The CCI when recovered from game (very rare) had very little deformation, and just did not open up. The Winchester and remington rounds were a lot better in this regard - as detailed by others previously.


I'll throw some Eley Match ammo through it soon, just so I can see the rifles true potential.

----------


## R93

I have had some CCI from a subs box go supersonic as well.

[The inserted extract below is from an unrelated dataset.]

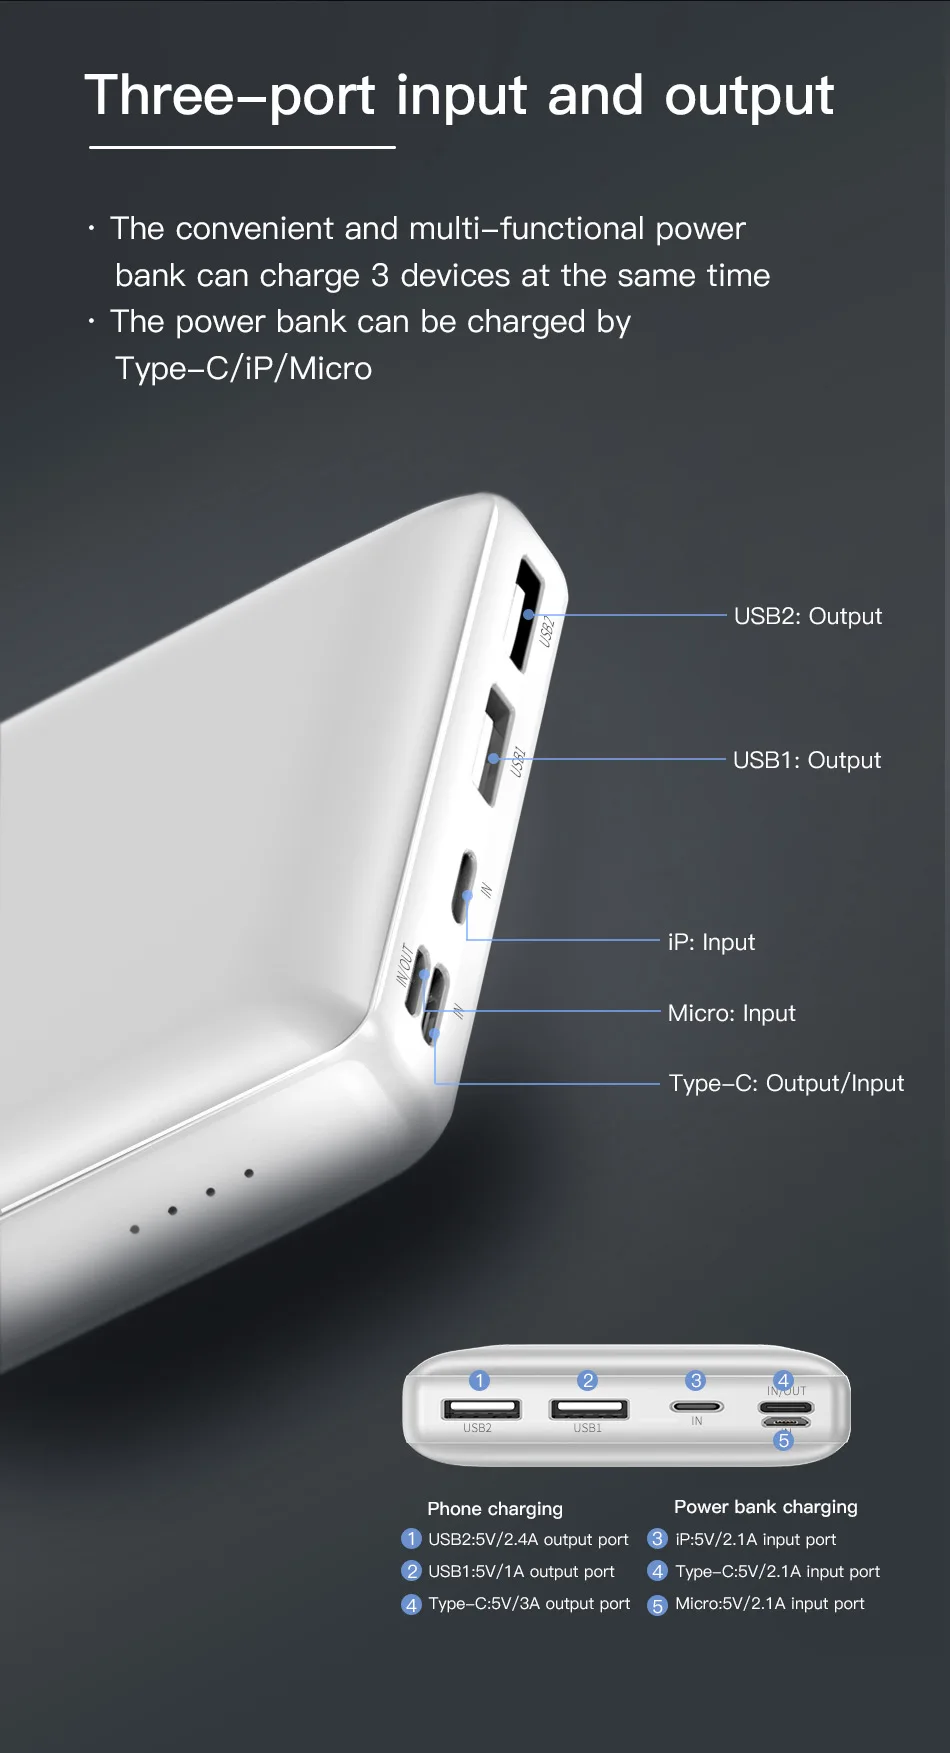 Baseus Power Bank 30000mAh USB C Fast Charging Powerbank Portable External Battery Charger For iPhone 1112 Pro Xiaomi Pover Bank pocket power bank

Sent from my SM-G900F using Tapatalk

----------


## quentin

Found the chrony when looking for the eley ammo which was a bonus.
The rifle has a few hundred more rounds through it, and the groups are coming in a bit from the last time I tried all of the different ammo.
I ran out of the remington ammo, so was looking for the best of what I had stockpiled.
Tested Winchester 40gr Subsonic, CCI 40gr subsonic, and the eley match 40gn  at 25m, and chronographed each of the 5 round groups.

CCI. 5 shot group: 0.213" 
velocity: 1075, 1086, 1067, 1061, 1083

Winchester 5 shot group: 0.441"
velocity: 1024, 1004, 1011, 1015, 1014

Eley match 5 shot group: 0.160"
velocity: 1110(supersonic), 1083, 1057, 1075, 1070

Winner for the hunting ammo was the CCI, and was really quite impressive. Looks like I will be sticking with that for a while.

Measurements in the images are measured across the outside of the grouping, rather than centre-to-centre.

----------


## Elrond

I use cci subs on my 455 long and can't fault them.

----------


## quentin

60gr! That is a lot of lead for a little case.

I imagine they will kill just as well as any other solid, and with that weight will not be stopping for bones found in rabbits, possums, or birds.
With increased accuracy, you have options for more well placed shots, so bullet expansion makes no difference.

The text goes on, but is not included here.